DiffLoRA: Generating Personalized Low-Rank Adaptation Weights with Diffusion

Yujia Wu,Yiming Shi,Jiwei Wei,Chengwei Sun,Yuyang Zhou,Yang Yang,Heng Tao Shen
2024-08-18
Abstract:Personalized text-to-image generation has gained significant attention for its capability to generate high-fidelity portraits of specific identities conditioned on user-defined prompts. Existing methods typically involve test-time fine-tuning or instead incorporating an additional pre-trained branch. However, these approaches struggle to simultaneously address the demands of efficiency, identity fidelity, and preserving the model's original generative capabilities. In this paper, we propose DiffLoRA, a novel approach that leverages diffusion models as a hypernetwork to predict personalized low-rank adaptation (LoRA) weights based on the reference images. By integrating these LoRA weights into the text-to-image model, DiffLoRA achieves personalization during inference without further training. Additionally, we propose an identity-oriented LoRA weight construction pipeline to facilitate the training of DiffLoRA. By utilizing the dataset produced by this pipeline, our DiffLoRA consistently generates high-performance and accurate LoRA weights. Extensive evaluations demonstrate the effectiveness of our method, achieving both time efficiency and maintaining identity fidelity throughout the personalization process.
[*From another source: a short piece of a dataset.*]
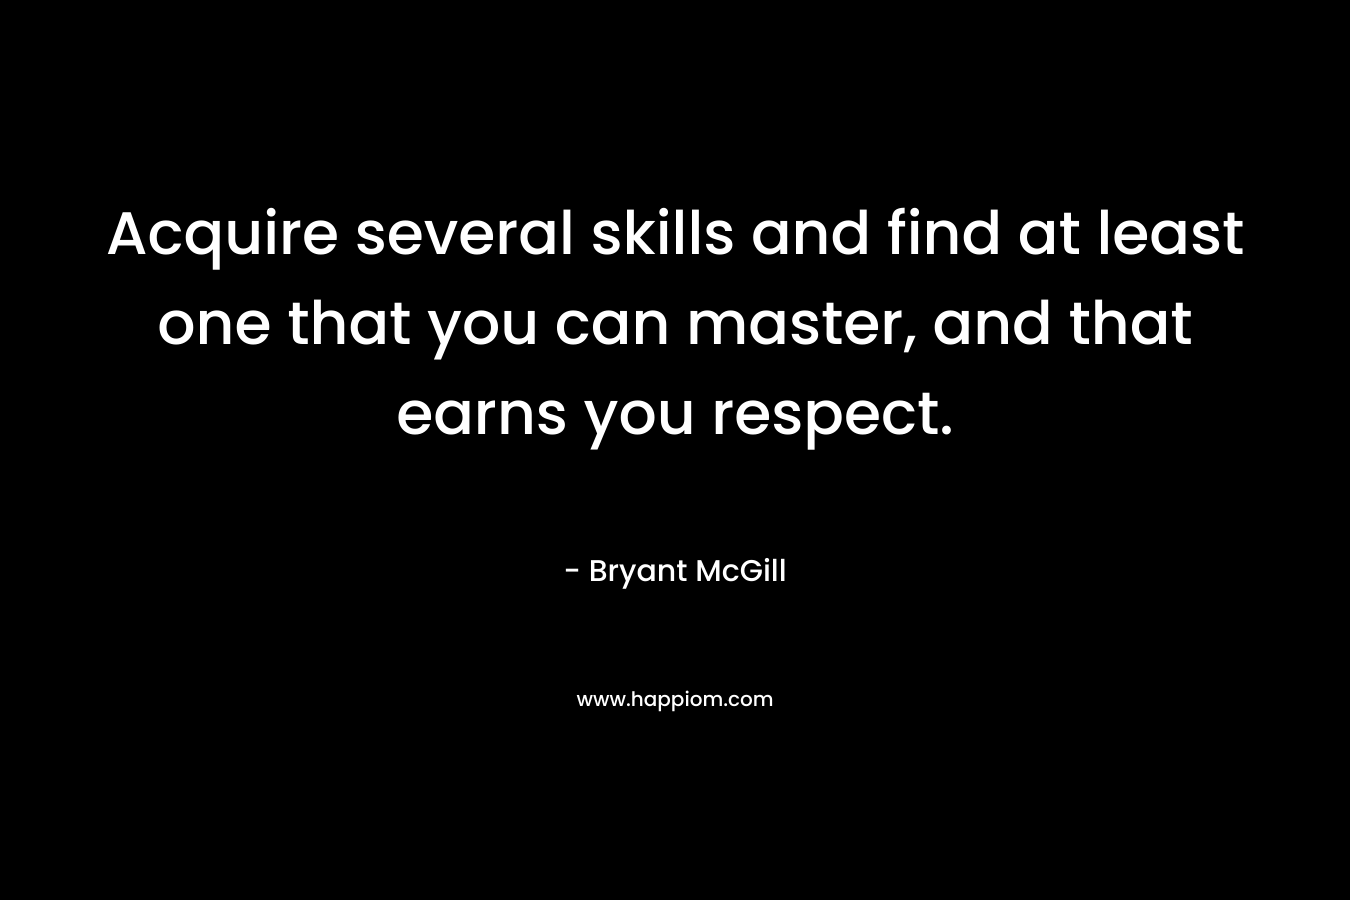 Acquire several skills and find at least one that you can master, and that earns you respect. – Bryant McGill

Computer Vision and Pattern Recognition,Artificial Intelligence
What problem does this paper attempt to address?
### Problems the Paper Attempts to Solve The paper aims to address several key issues in personalized text-to-image generation: 1. **Efficiency**: Existing personalized methods typically require large datasets and long training times, resulting in each personalization process taking 10 to 30 minutes, which is impractical for user-centric applications. 2. **Identity Fidelity**: Existing methods often struggle to maintain the identity fidelity of the generated images during personalization, especially when generating high-resolution images. 3. **Preservation of the Model's Original Generative Capability**: Some methods achieve personalization by adding extra trainable branches, but these methods often compromise the model's original generative capability and flexibility. To tackle these issues, the paper proposes a new method called DiffLoRA. DiffLoRA leverages a diffusion model as a hypernetwork to predict personalized low-rank adaptation (LoRA) weights based on reference images and integrates these weights into the text-to-image model, enabling personalization during the inference stage without further training. Additionally, the paper introduces an identity-oriented LoRA weight construction pipeline to support DiffLoRA's training. Through this framework, DiffLoRA can improve the quality and efficiency of generated images while maintaining identity fidelity.